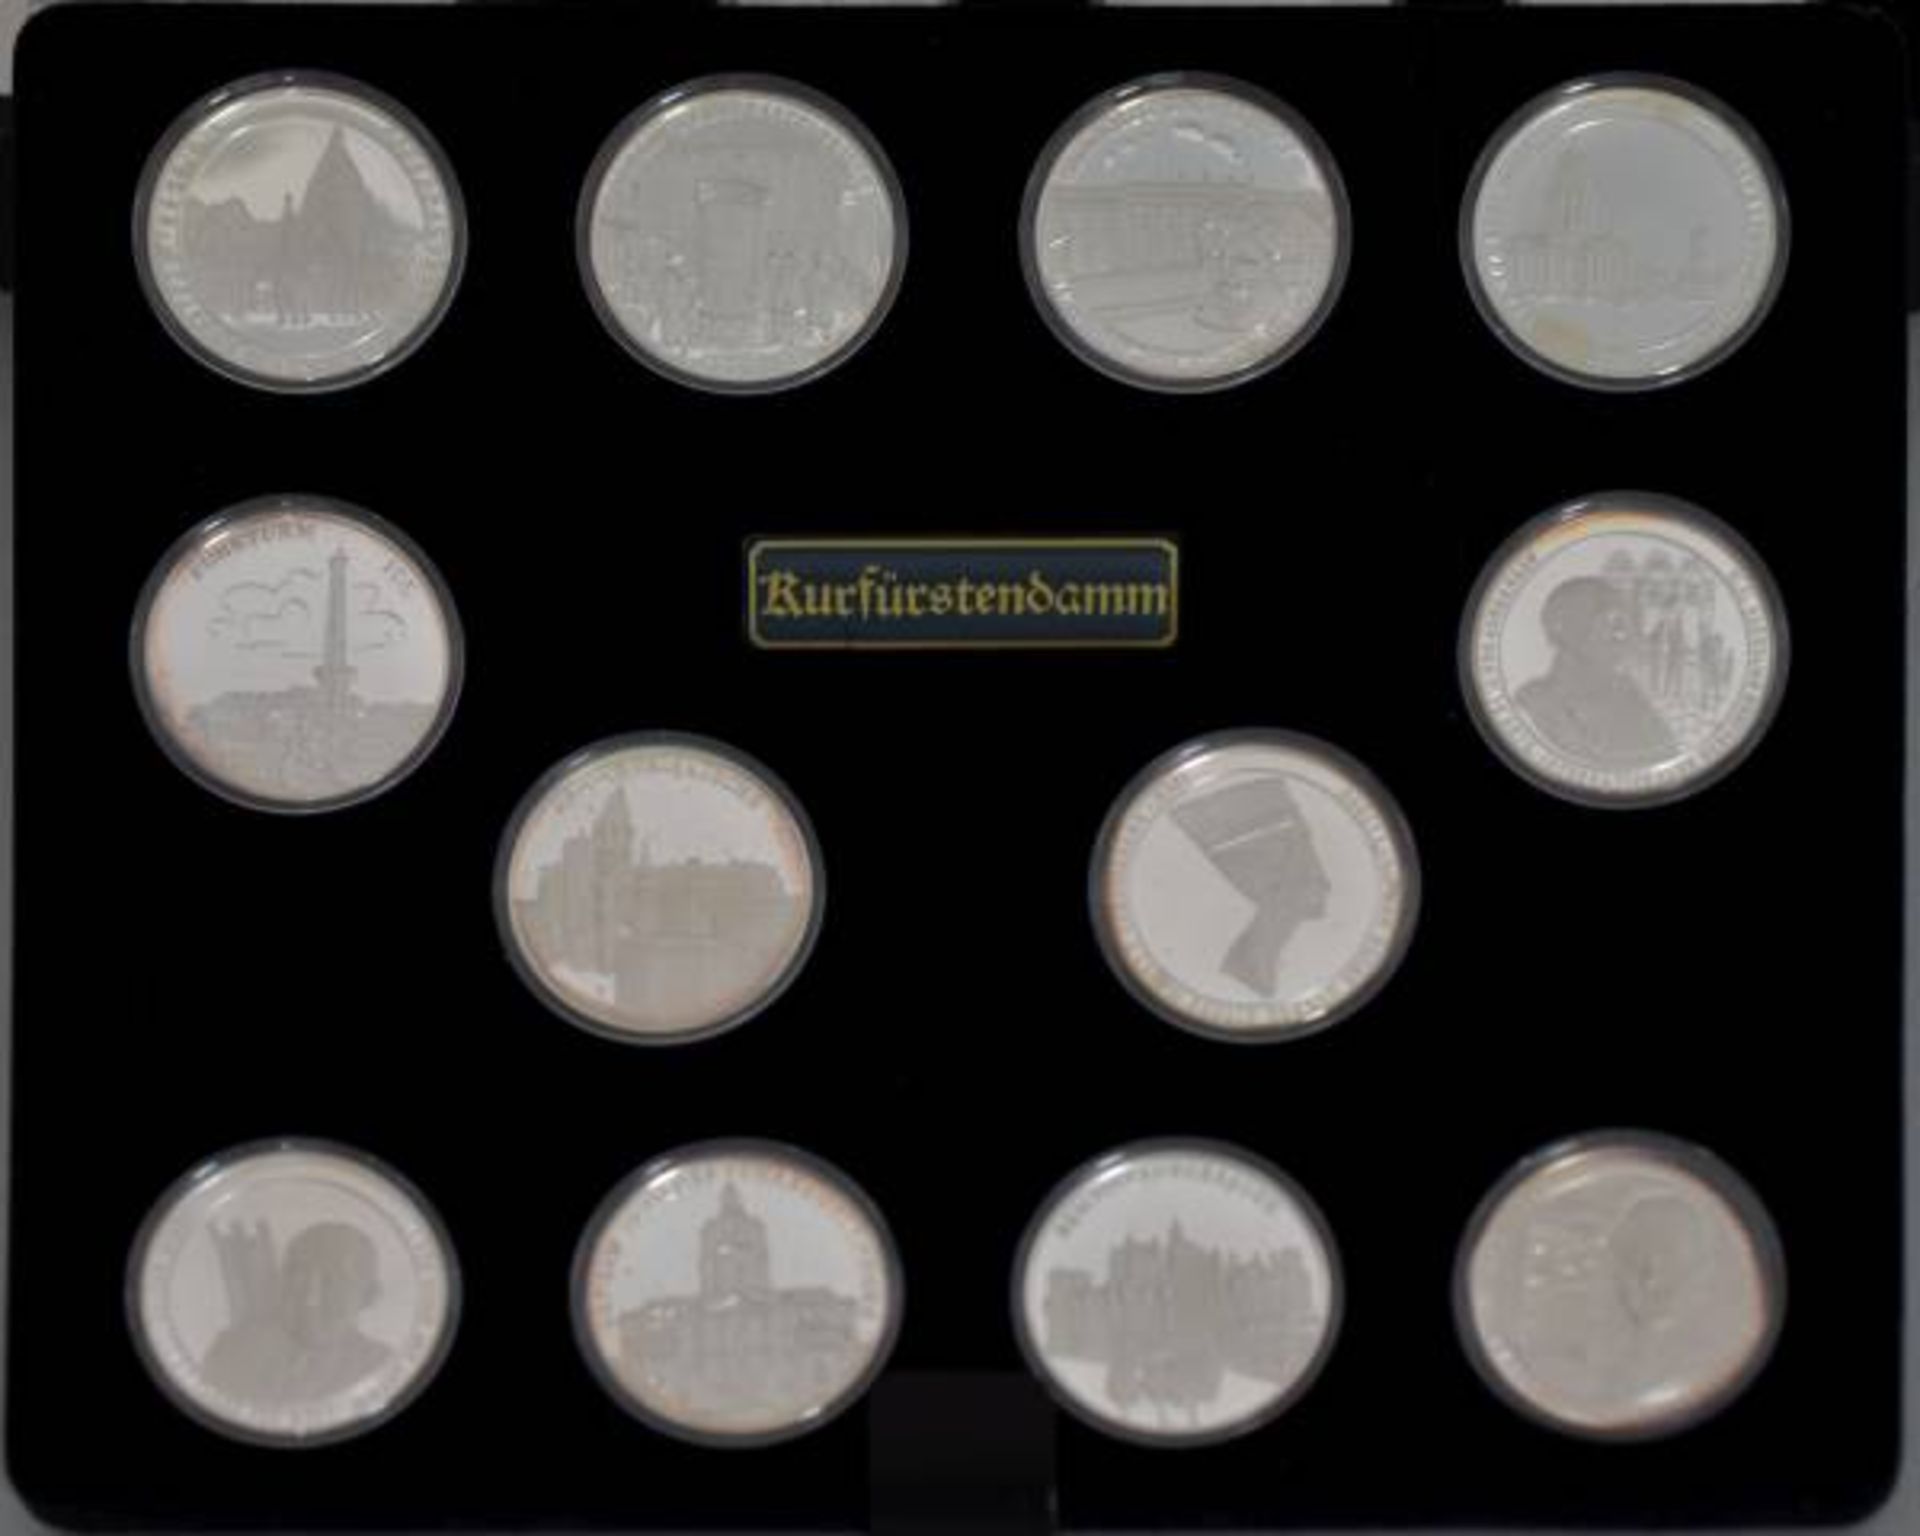 GEDENKMÜNZEN 750 JAHRE BERLIN Silbermedaillensammlung, 24 Medaillen, Feinsilber 999/1000, D 40 mm, - Bild 2 aus 3
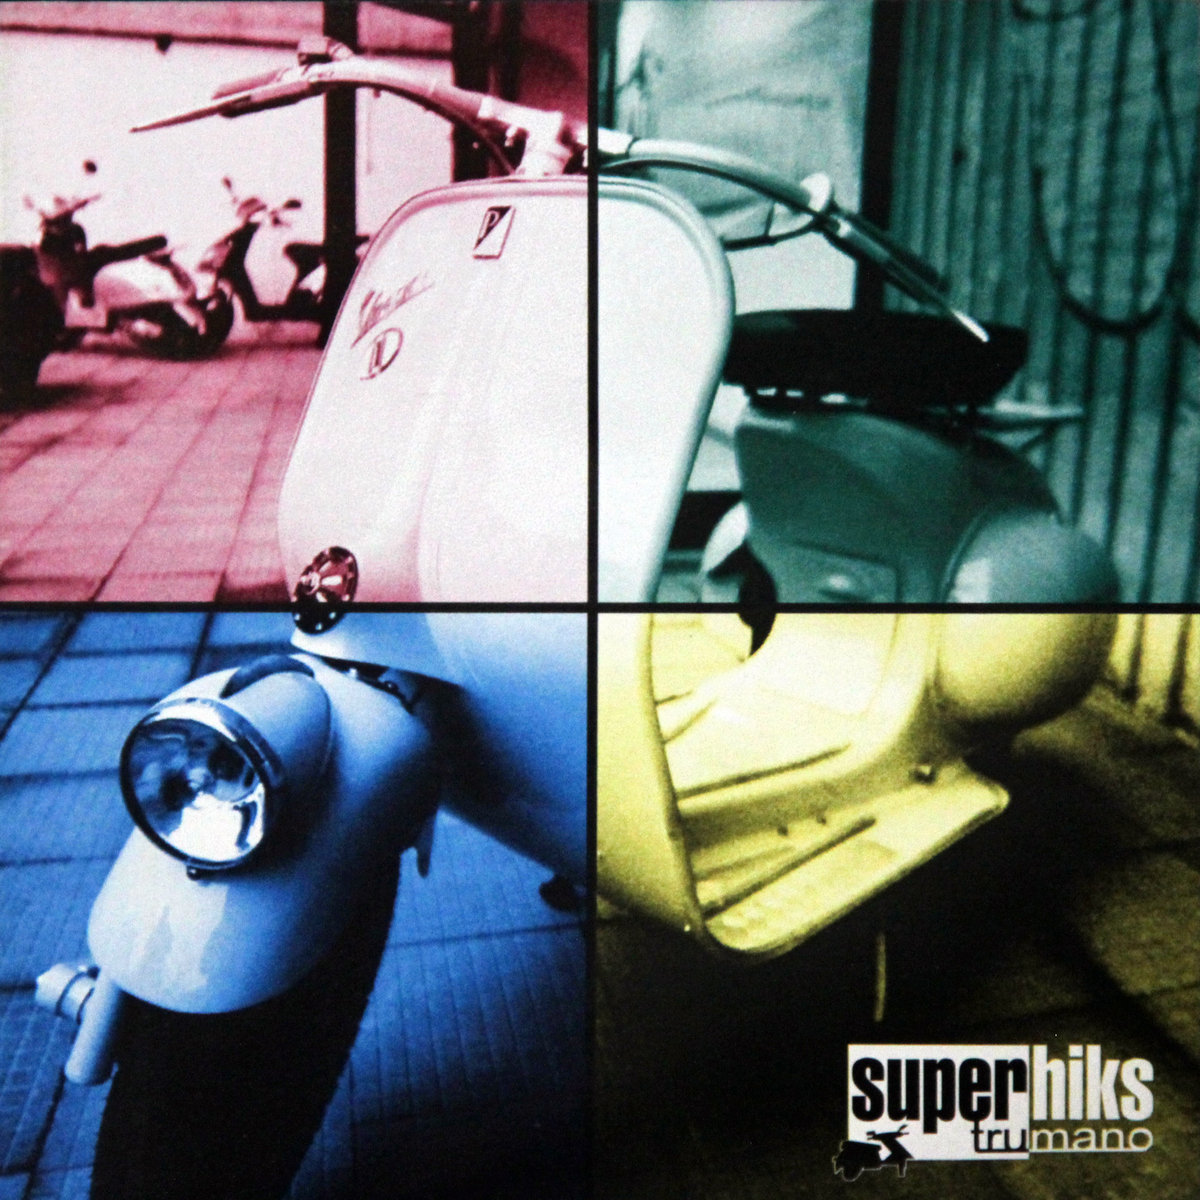 Superhiks - Трумано (2003)
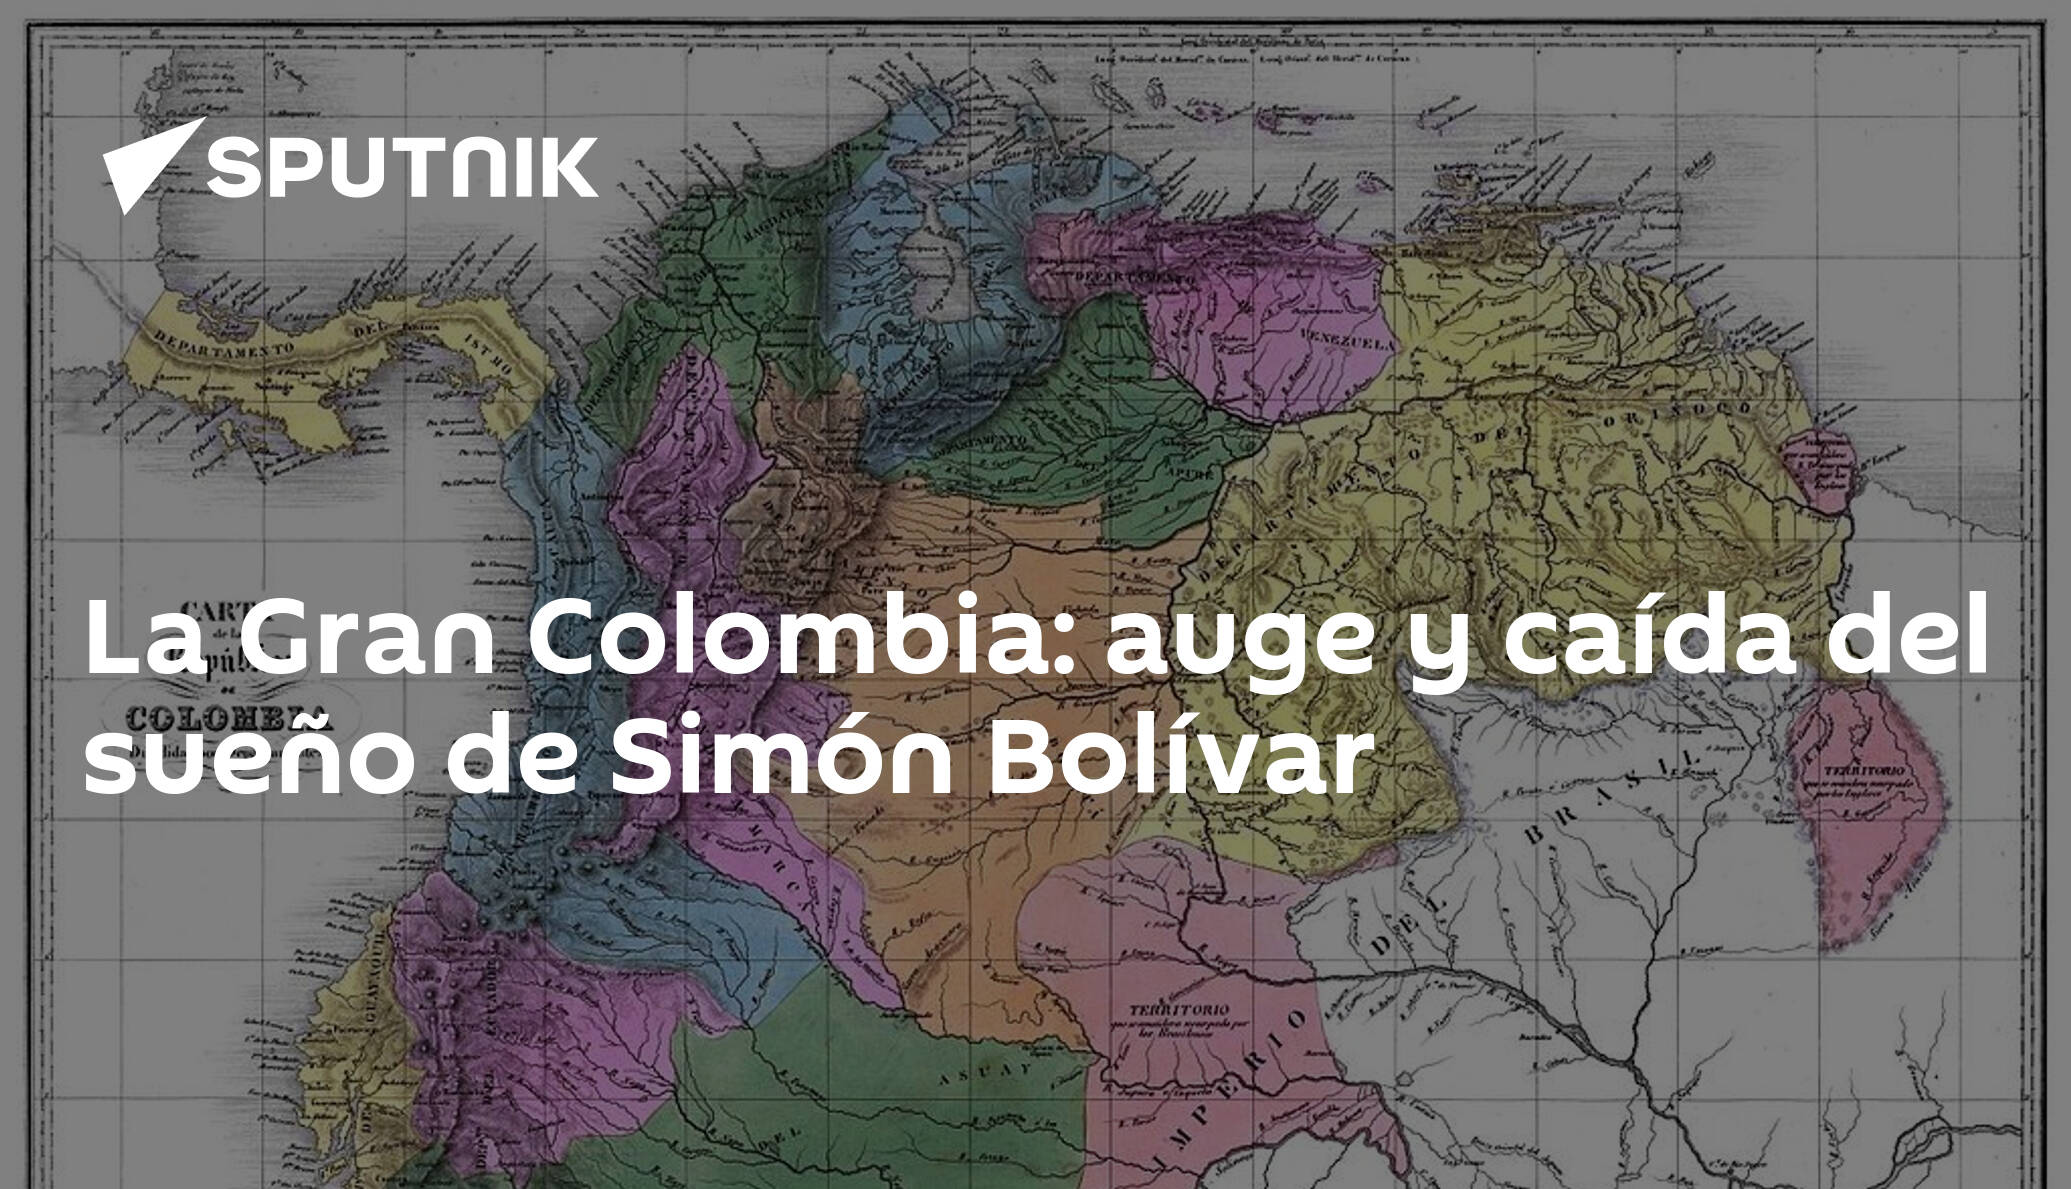 La Gran Colombia Auge Y Caída Del Sueño De Simón Bolívar 07082019 Sputnik Mundo 4929
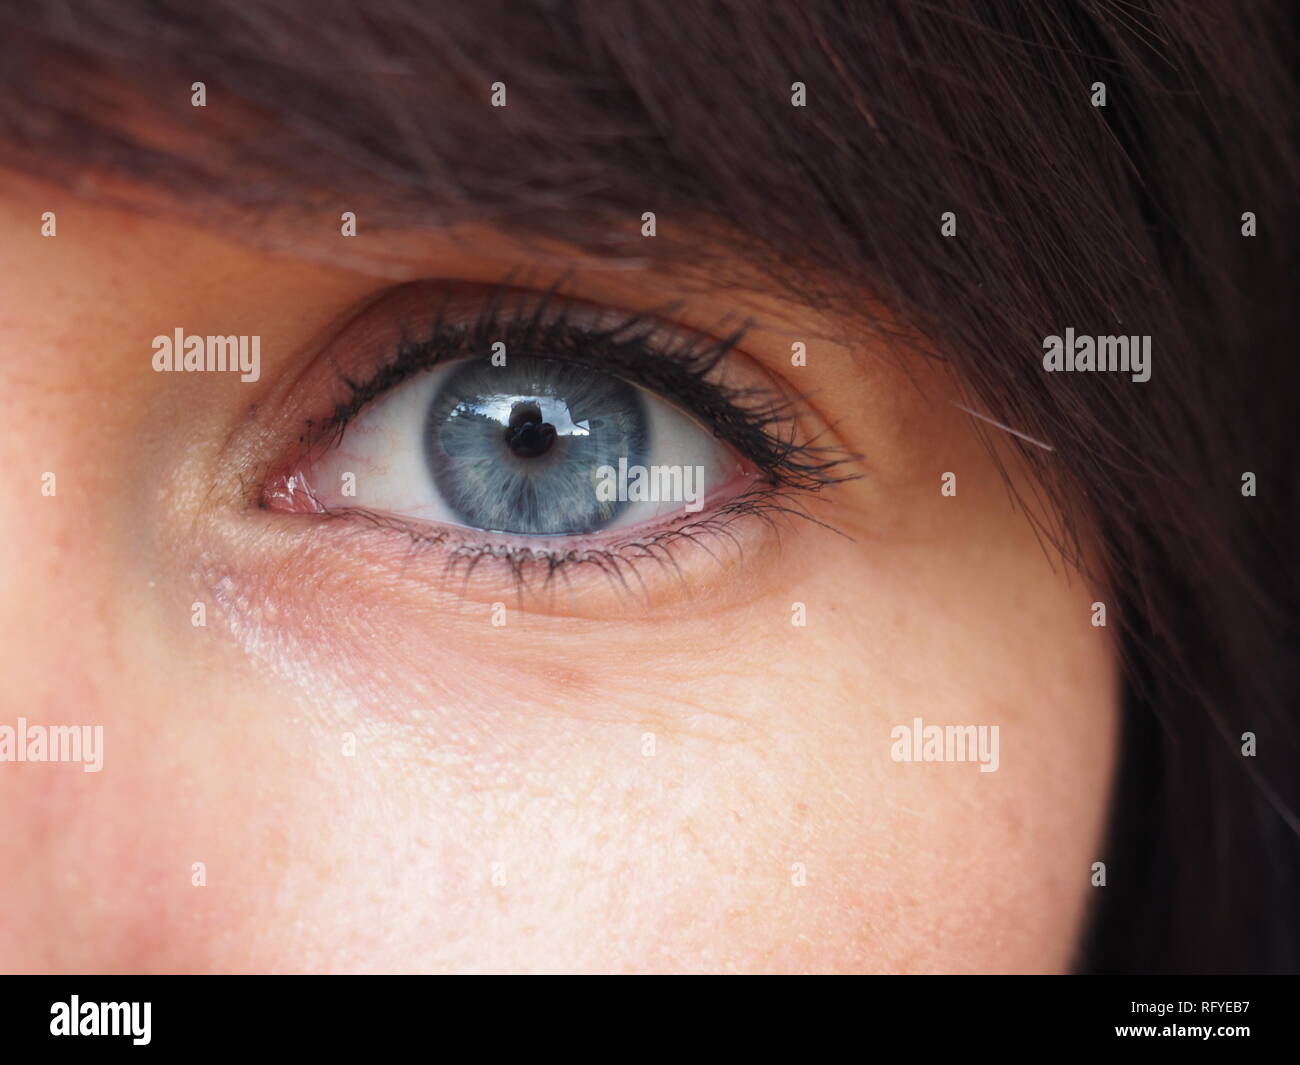 Detail of a woman's blue eye Stock Photo

------------------------

* Required action
When copying the data above, repeat every word exactly and drop the pictures.

* Exercise solution
 GEDENKMÜNZEN 750 JAHRE BERLIN Silbermedaillensammlung, 24 Medaillen, Feinsilber 999/1000, D 40 mm, - Bild 2 aus 3
 Superhiks - Трумано (2003)
 La Gran Colombia Auge Y Caída Del Sueño De Simón Bolívar 07082019 Sputnik Mundo 4929
 Detail of a woman's blue eye Stock Photo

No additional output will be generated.